Keep the pictures out while you transcribe the listing below exactly.

SUPPLIED DATA:
▼
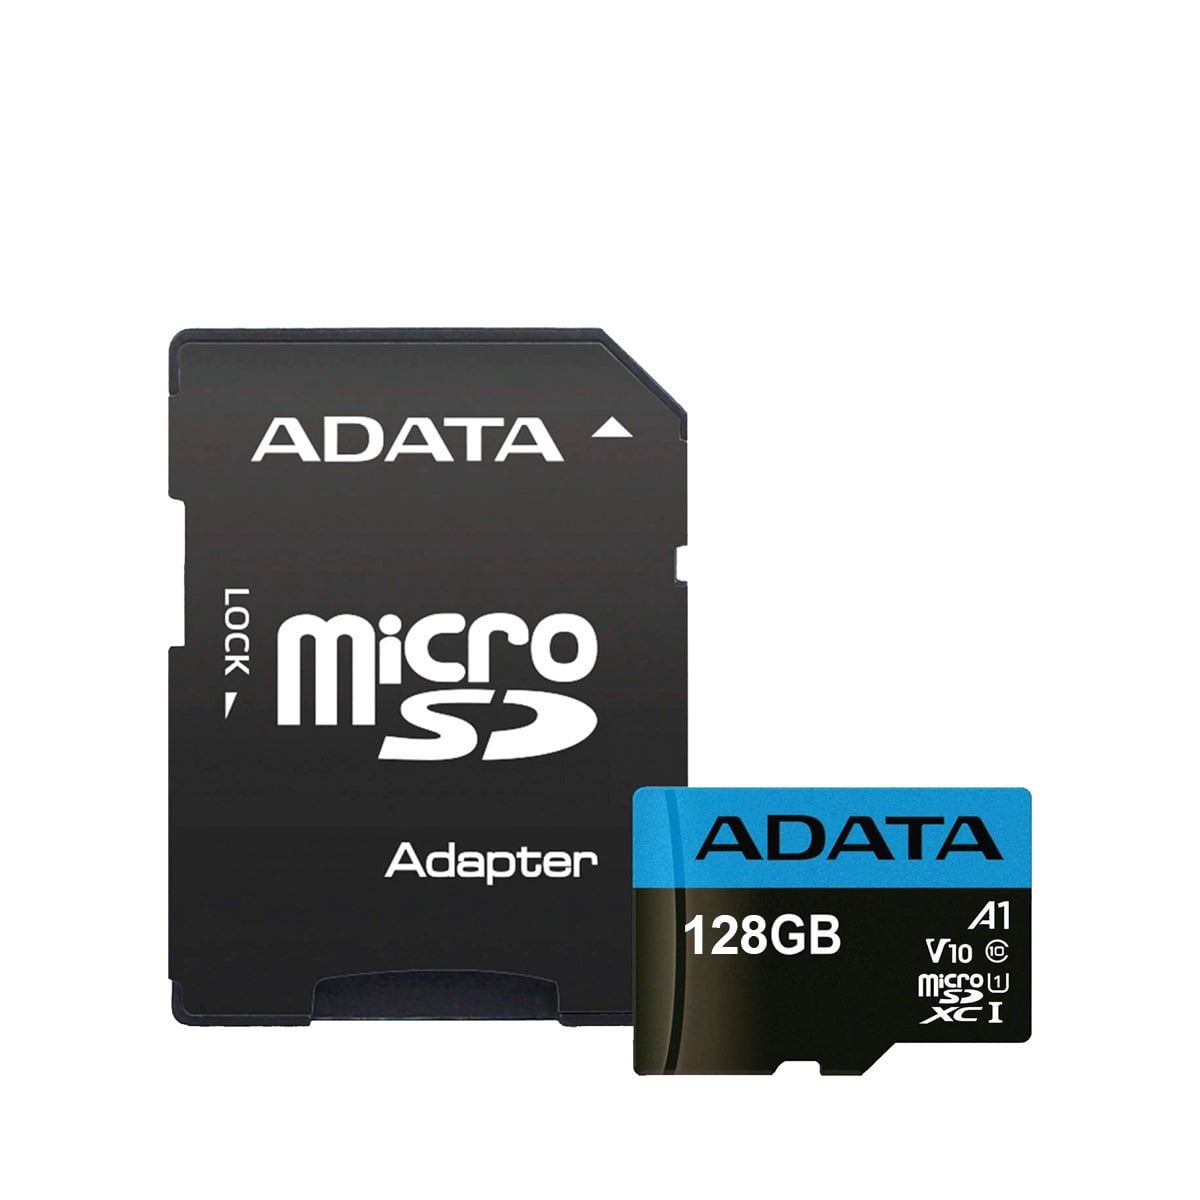 کارت حافظه microSDHC ای دیتا مدل Premier V10 A1 ظرفیت 128 گیگابایت
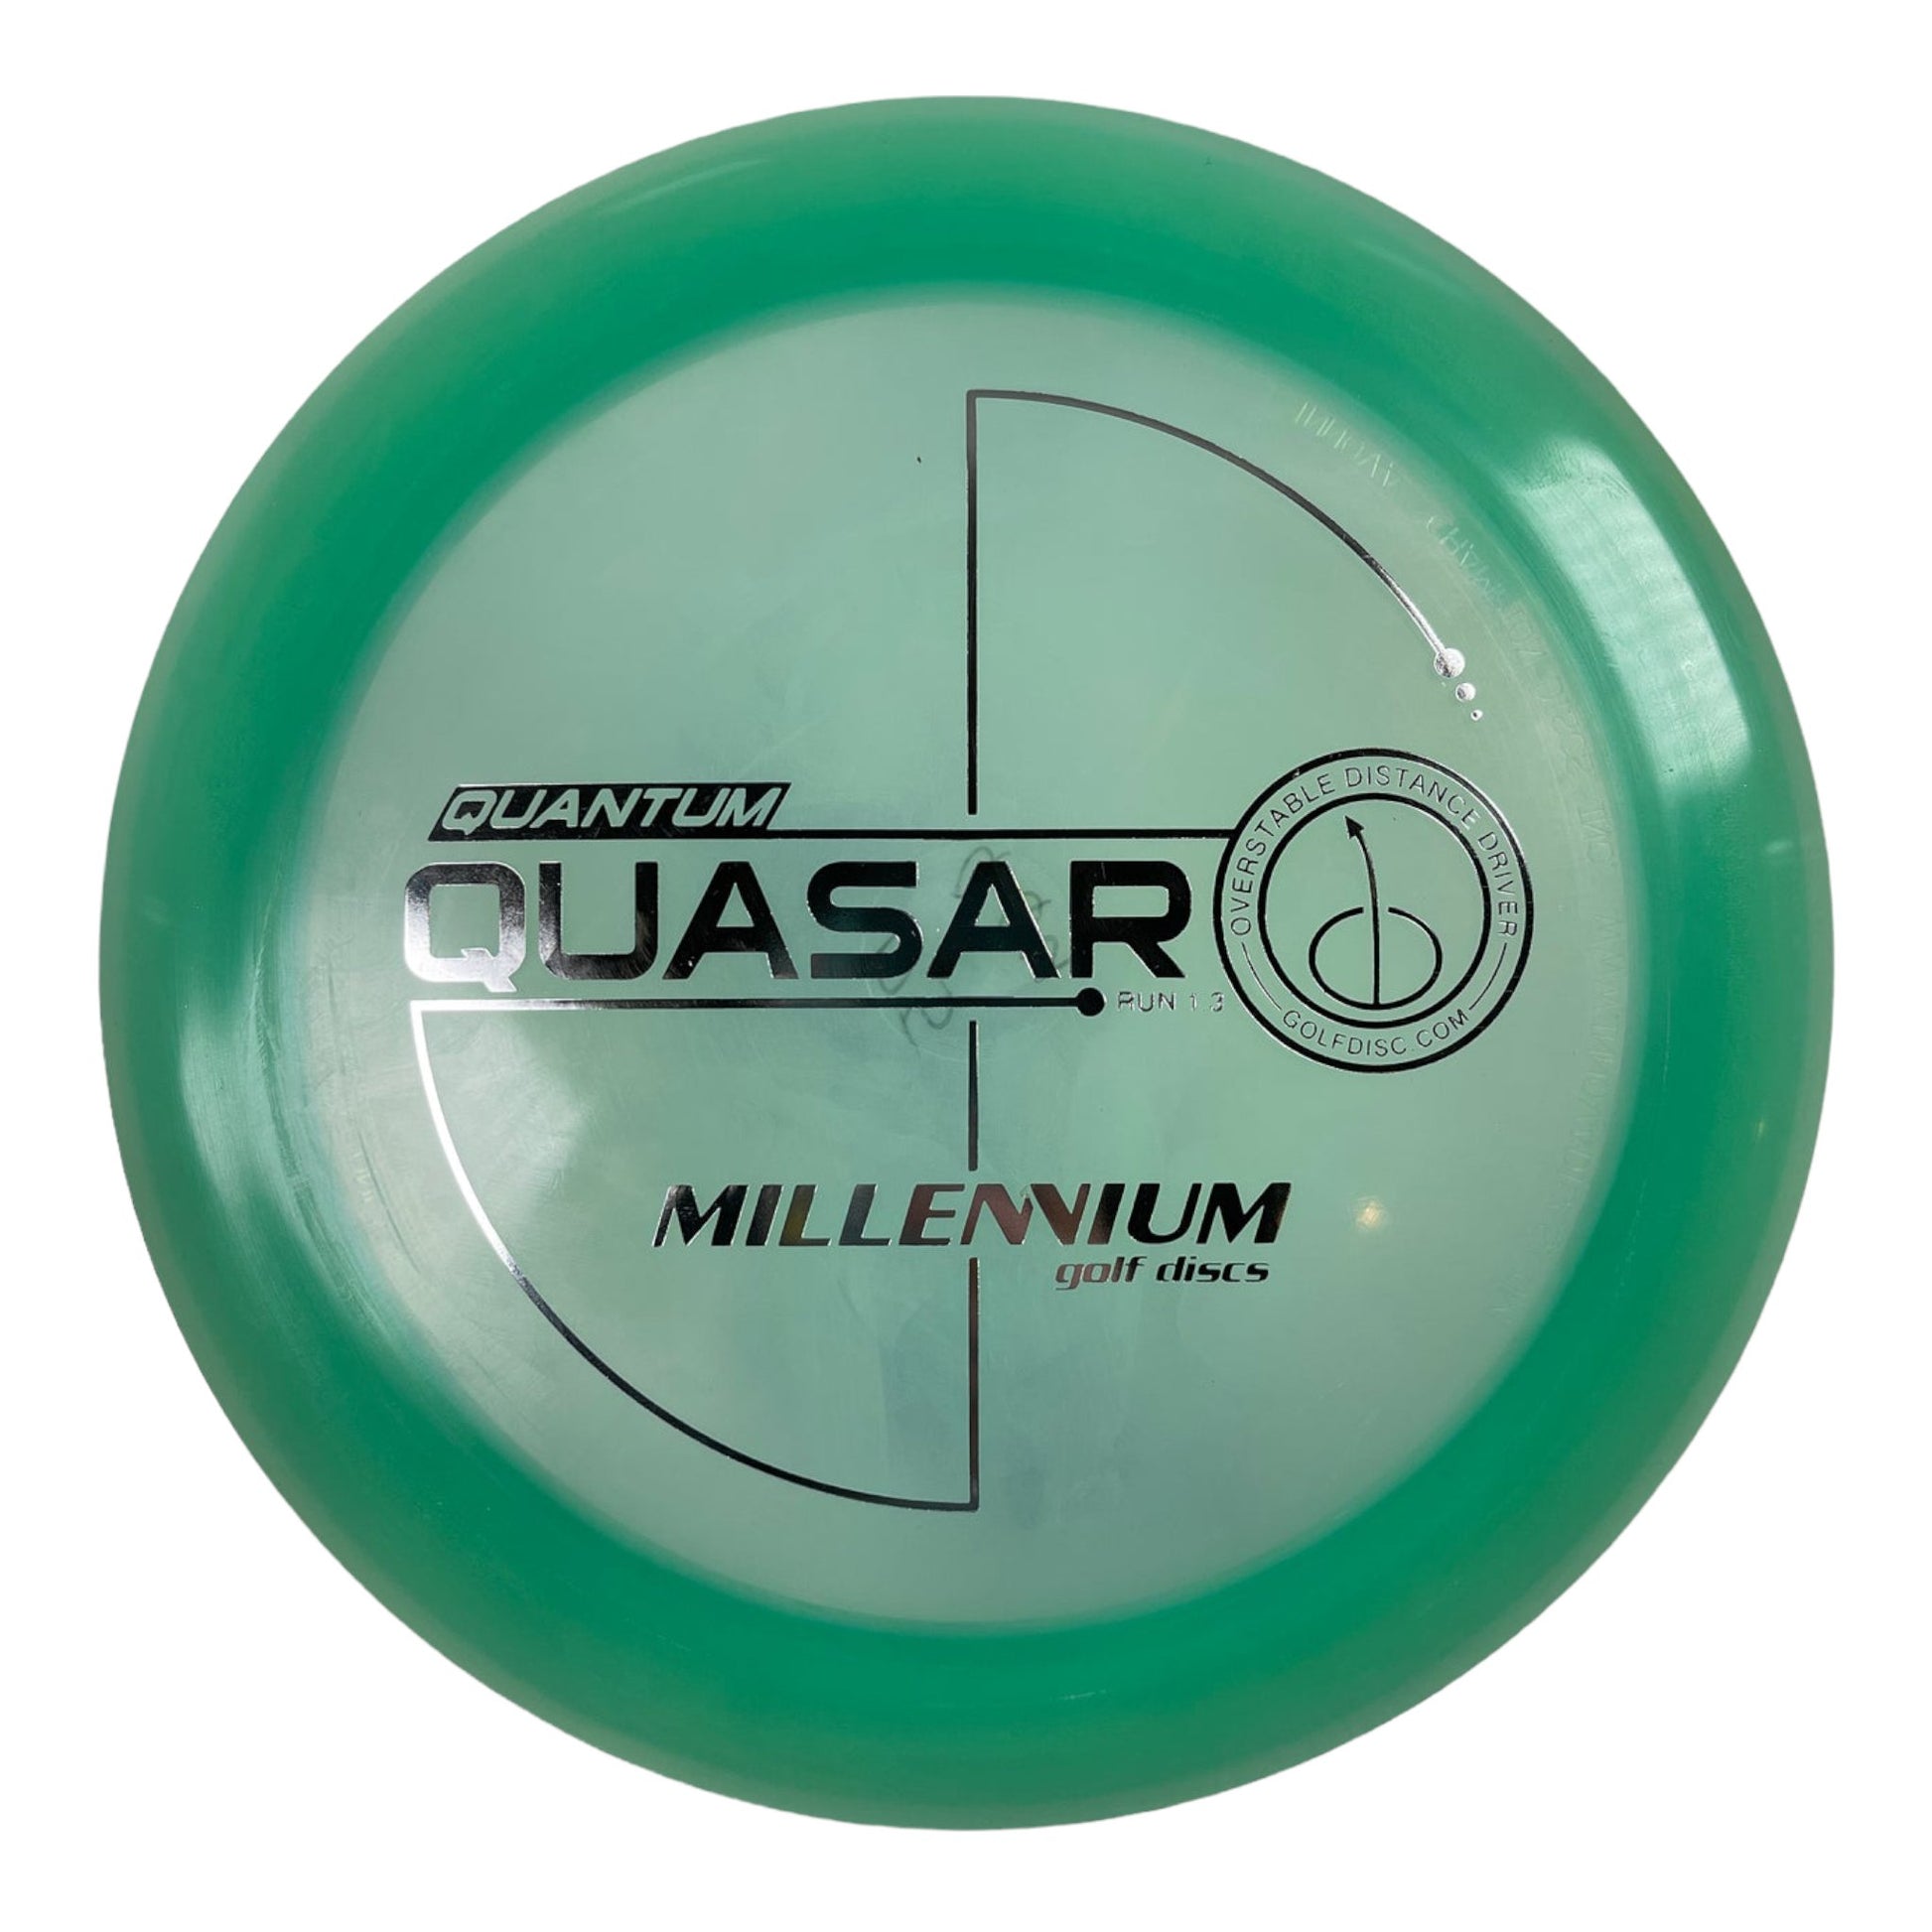 Millennium Golf Discs Quasar | Quantum | Aqua/Silver 175g Disc Golf
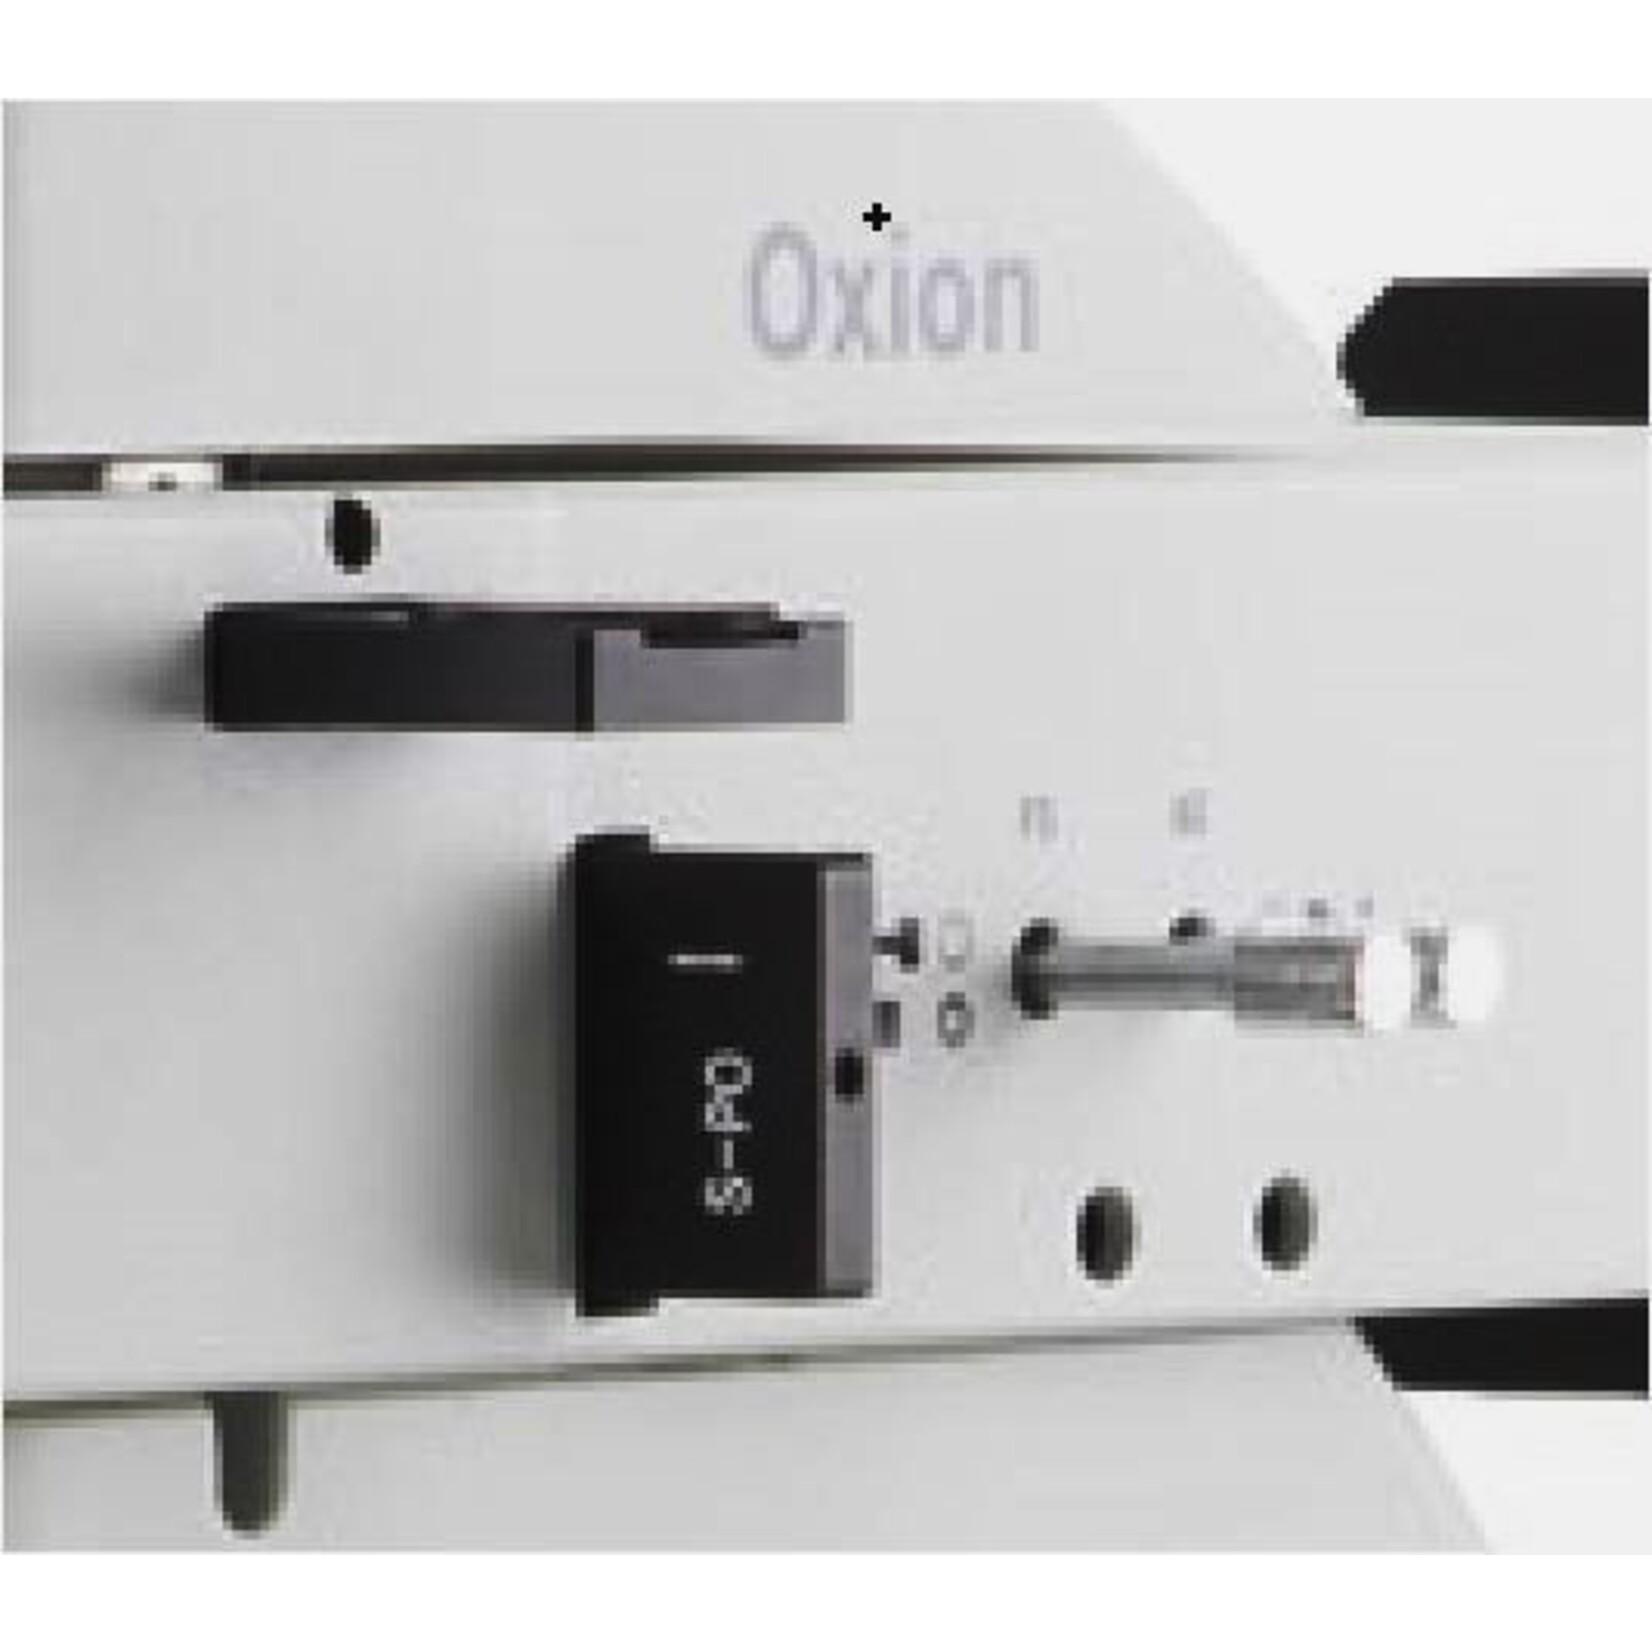 Microscopio industrial Oxion para micrografías
▲
ANSWER SPACE:
 کارت حافظه microSDHC ای دیتا مدل Premier V10 A1 ظرفیت 128 گیگابایت
 Millennium Golf Discs Quasar | Quantum | Aqua/Silver 175g Disc Golf
 Microscopio industrial Oxion para micrografías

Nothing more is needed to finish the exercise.